→ Task directions
With the images excluded, set down every line of the listing below exactly.

→ Raw data
------------
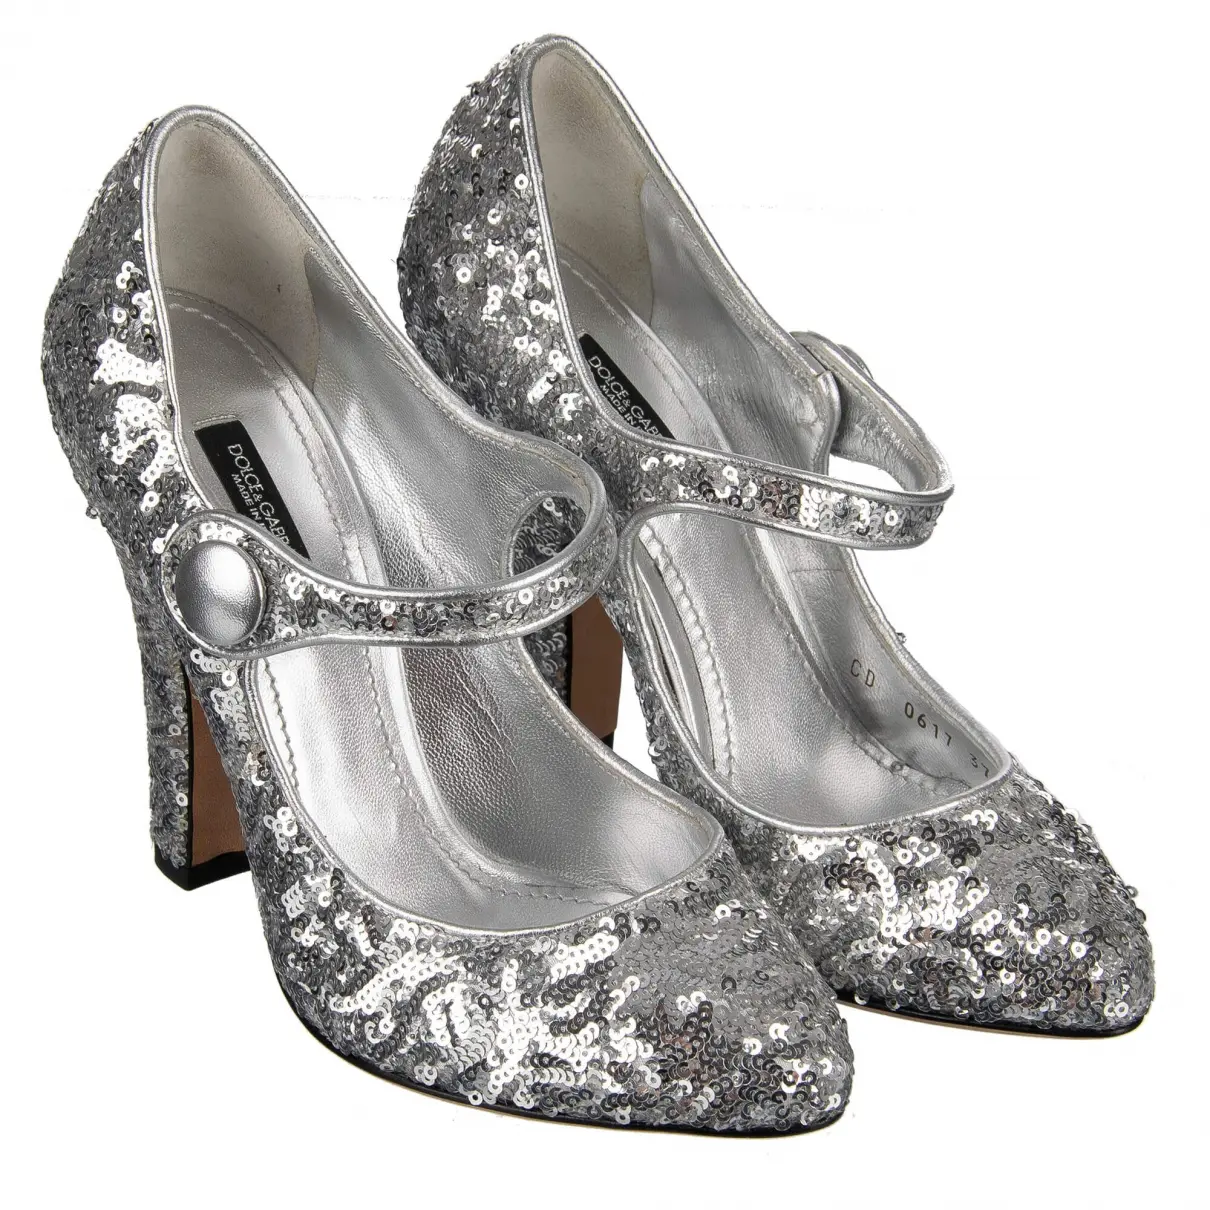 Dolce & Gabbana Glitter heels for sale
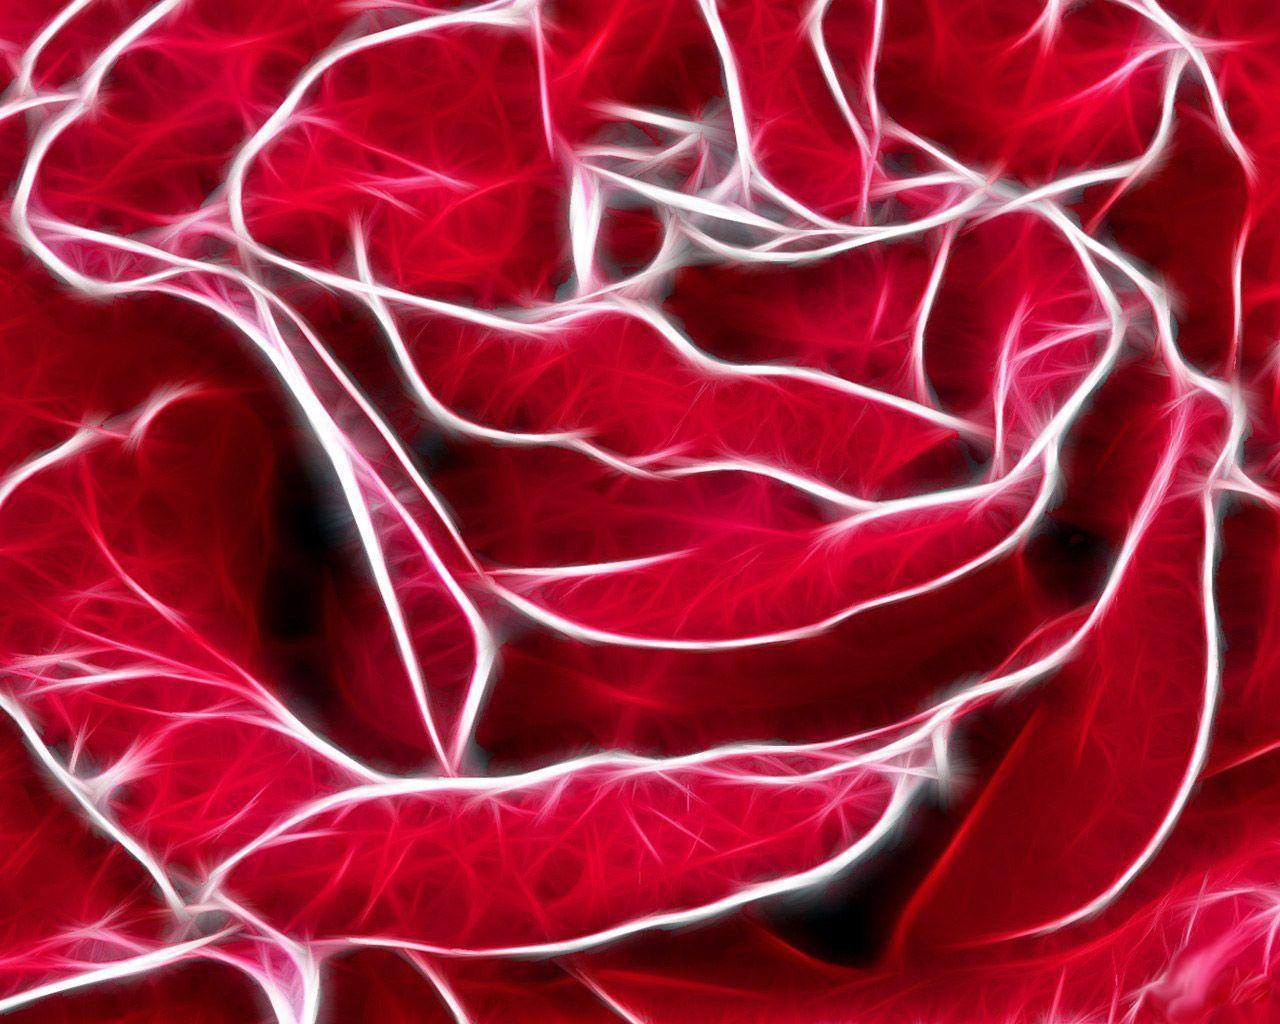 Desktop Wallpaper · Gallery · Windows 7 · Red rose
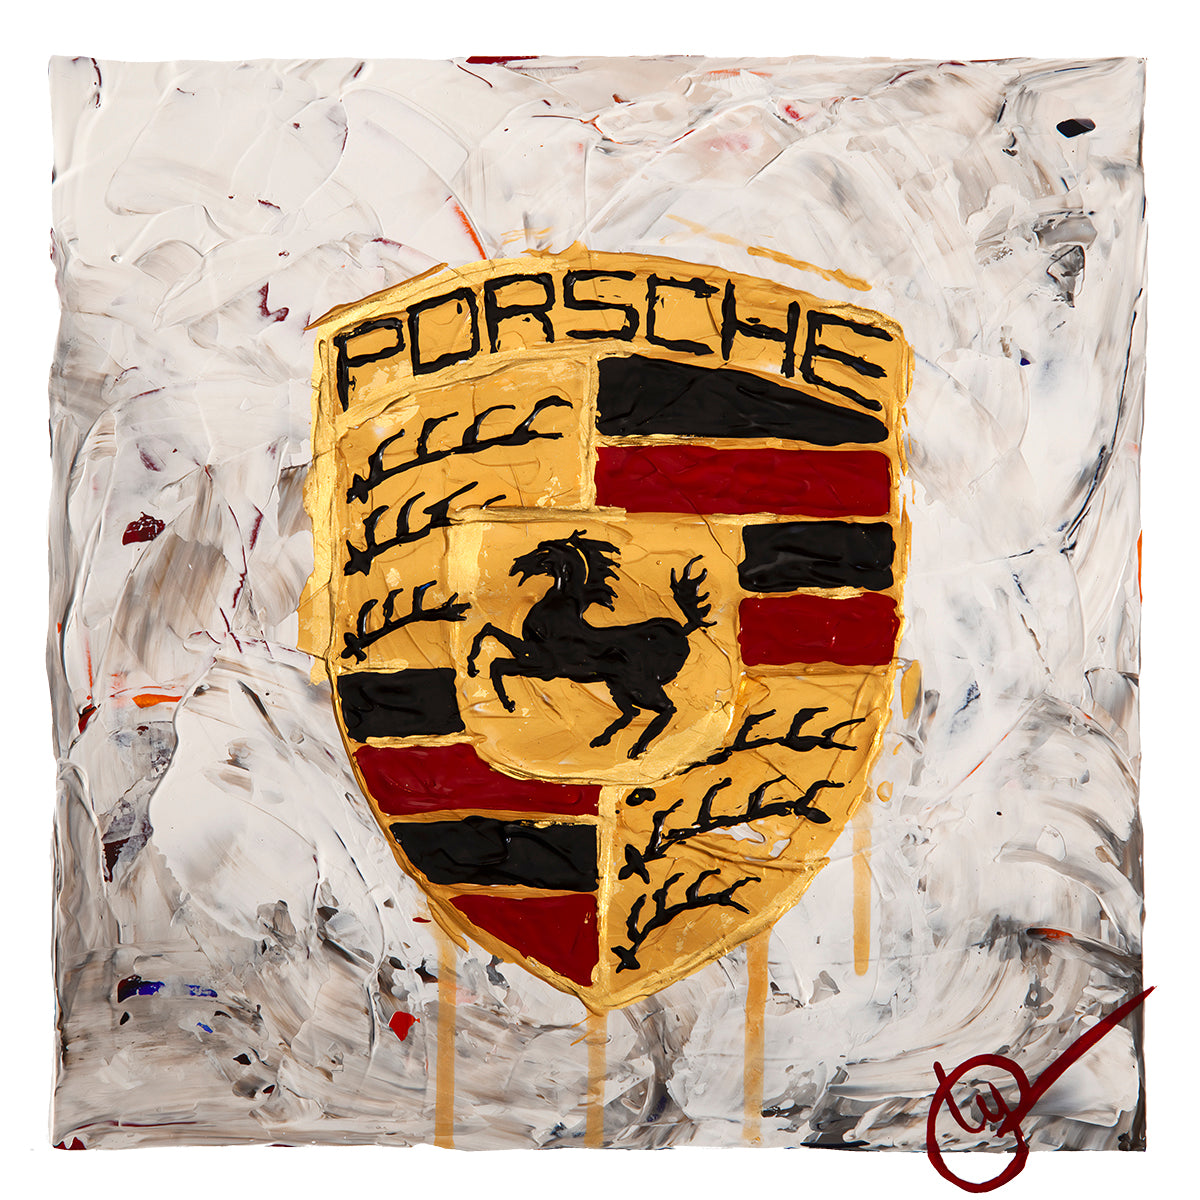 Porsche Emblem 23 - White
------------
→ Answer to this problem
 Dolce & Gabbana Glitter heels for sale
 Desktop Wallpaper · Gallery · Windows 7 · Red rose
 Porsche Emblem 23 - White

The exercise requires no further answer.